Final Boss Sour finds an audience TikTok
The gaming metaphor extends to the packaging and branding of Final Boss Sour, which features pixelated mascots and ’90s-style video game graphics. The candy brand even hired an Eastern European video game development company to design the branding and packaging to ensure the company authentically captured gaming aesthetics, Hicks explained.
Final Boss Sour’s website features a leaderboard, with customers who purchased the most bags of candy, emulating high-score leaderboards from video games.
With its nostalgic branding, Final Boss Sour cultivated a TikTok audience, which skews younger, by working with TikTok shop affiliates and content creators, Hicks explained. For the immediate future, Final Boss Sour’s focus is on growing its DTC channels, including Amazon, before retail expansion, Hicks said.
“The near-term focus is on DTC. We do not have any plans to be in retail this year. ... Our strategy as a whole has been to build up this giant swell of awareness online, so that if and when we do decide to go into retail, we will come with a position of strength,” Hicks said.
Fruit: Nature’s sour candy
Final Boss Sour is tapping into the growing better-for-you indulgences trend by using real fruit.
Additionally, sour candies remain on-trend, with companies like Nassau Candy releasing products, including its Clever Candy line of different-shaped sour gummies, at this year’s Sweets & Snack Expo.

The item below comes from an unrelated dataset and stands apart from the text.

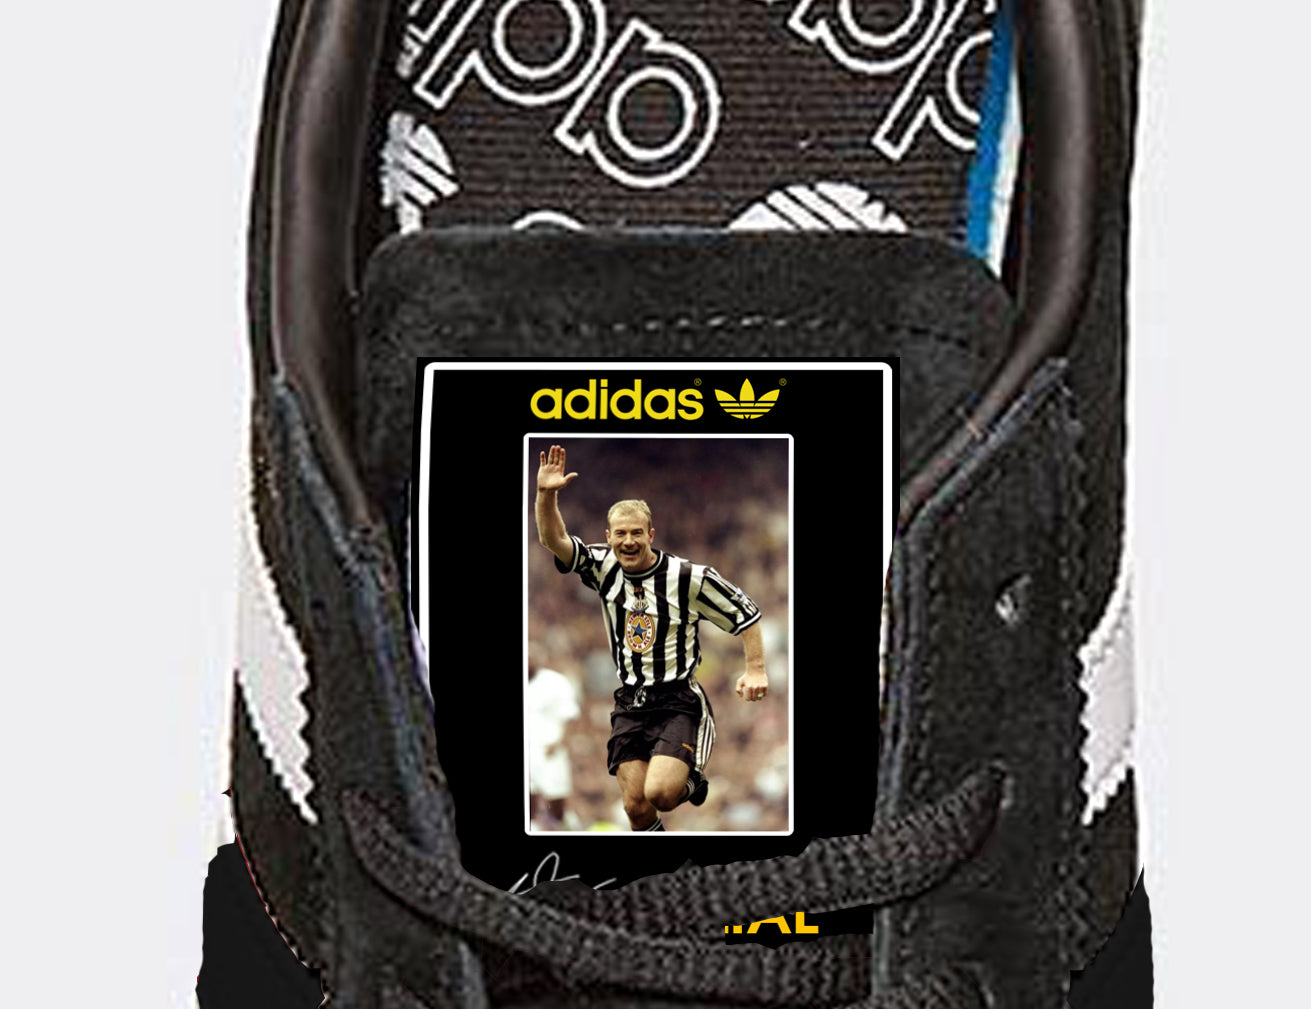 Limited edition retro Newcastle Alan Shearer inspired Black /White/  Adidas custom Handball Spezial trainers / sneakers

“We made it very clear from the get-go that we do not want any sacrifice on taste, and in fact, we want to enhance taste. So, whatever better-for-you trade-off we are asking the customers to make, we are not touching taste. We want to create the best tasting, most sour products. The good news for us is we can do that by making our product generally better-for-you by using” actual fruits, Hicks said.